Personal information
- Born: November 7, 1986 (age 38) Baton Rouge, Louisiana, U.S.
- Height: 6 ft 2 in (1.88 m)
- Weight: 236 lb (107 kg)

Career information
- High school: St. Augustine (New Orleans, Louisiana)
- College: Mississippi
- NFL draft: 2010: undrafted

Career history
- Tennessee Titans (2010)*; Chicago Bears (2011−2012); Edmonton Eskimos (2014);
- * Offseason and/or practice squad member only

Career NFL statistics
- Total tackles: 1
- Stats at Pro Football Reference

= Patrick Trahan =

American football player (born 1986)

Patrick Trahan (born November 7, 1986) is an American former professional football player who was a linebacker in the National Football League (NFL).
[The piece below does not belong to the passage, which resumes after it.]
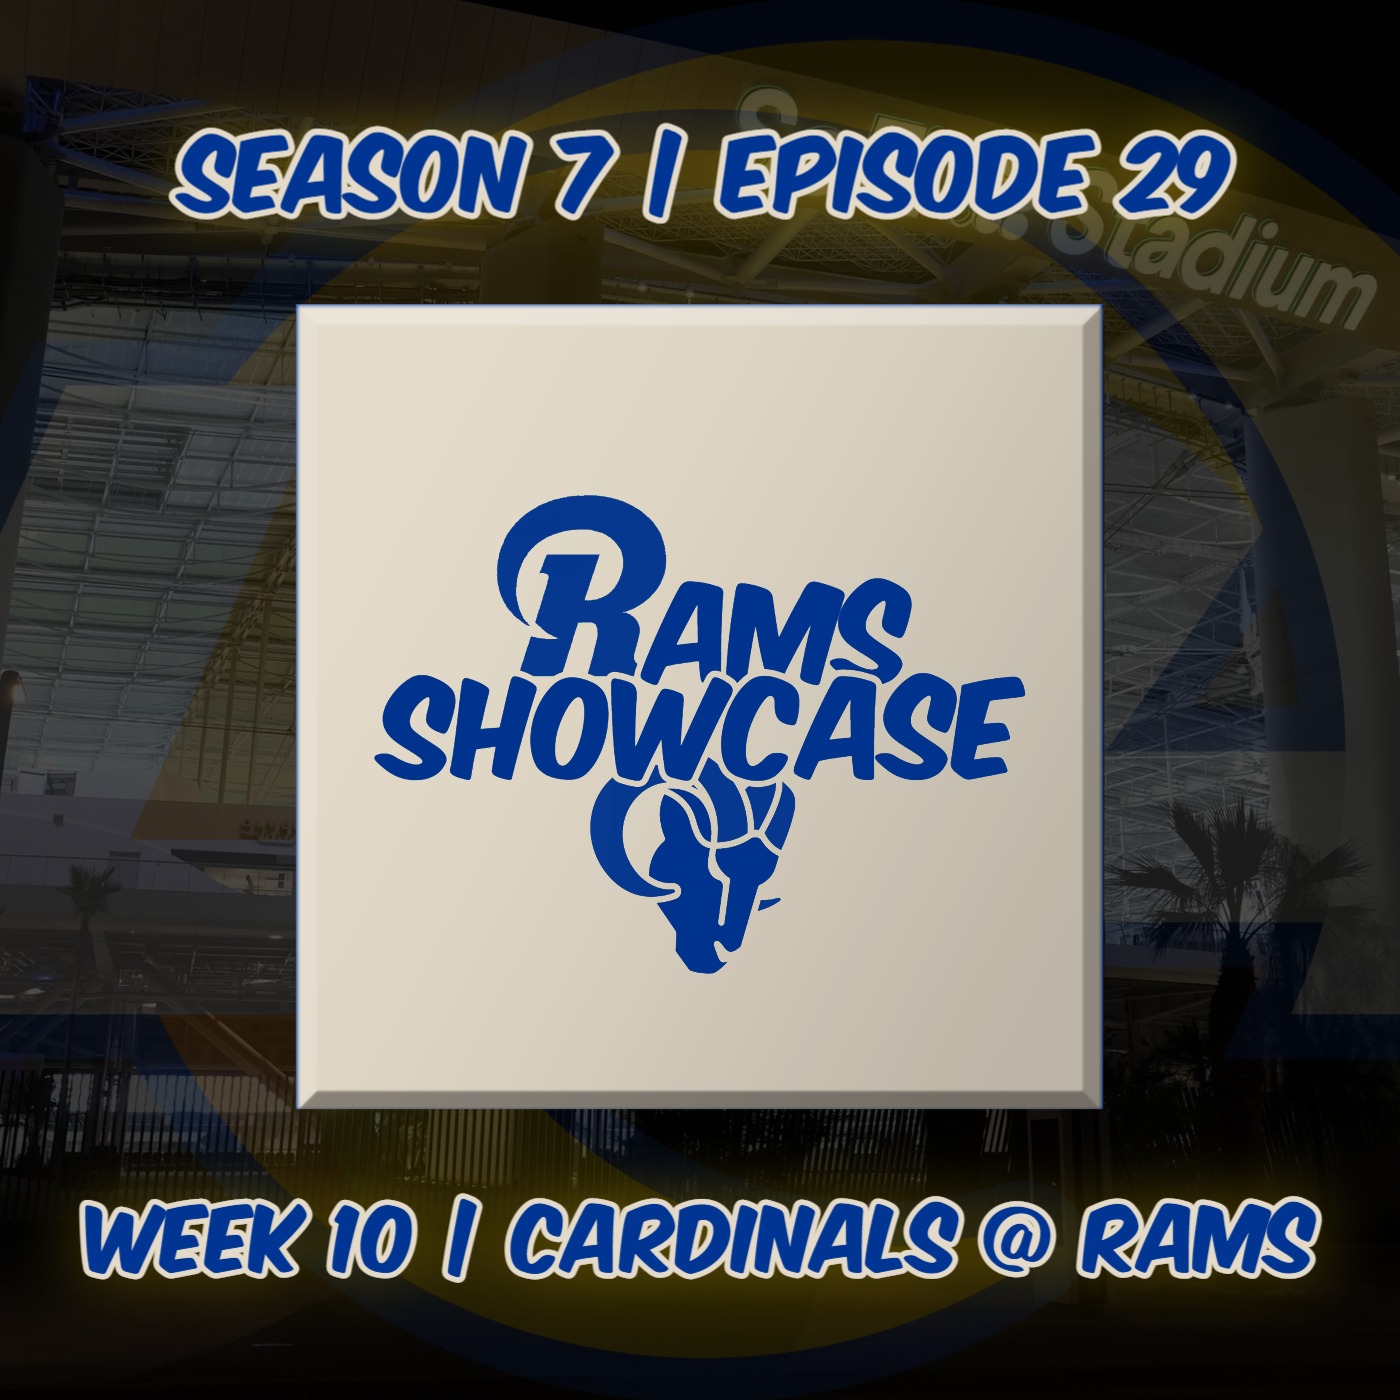 Rams Showcase | Week 10 - Cardinals @ Rams | FULL PODCAST

He was signed by the Tennessee Titans as an undrafted free agent in 2010. He attended Northwest Mississippi Community College for a year before playing college football for one year with the Auburn Tigers and two for the Ole Miss Rebels, with whom he recorded 98 tackles, 7 sacks, 16.5 tackles for loss, one quarterback pressure, two interceptions, three forced fumbles and one fumble recovery. In January 2011, Trahan was signed to the Chicago Bears practice squad after the termination of Rashaun Greer's contract. In November 2011, Trahan was promoted to the active roster after waiving Brian Iwuh.

Trahan was released by the Bears on September 8, 2012. He was once again waived by the Bears on December 4. Trahan was brought back on January 8, 2013, and was again released on August 25.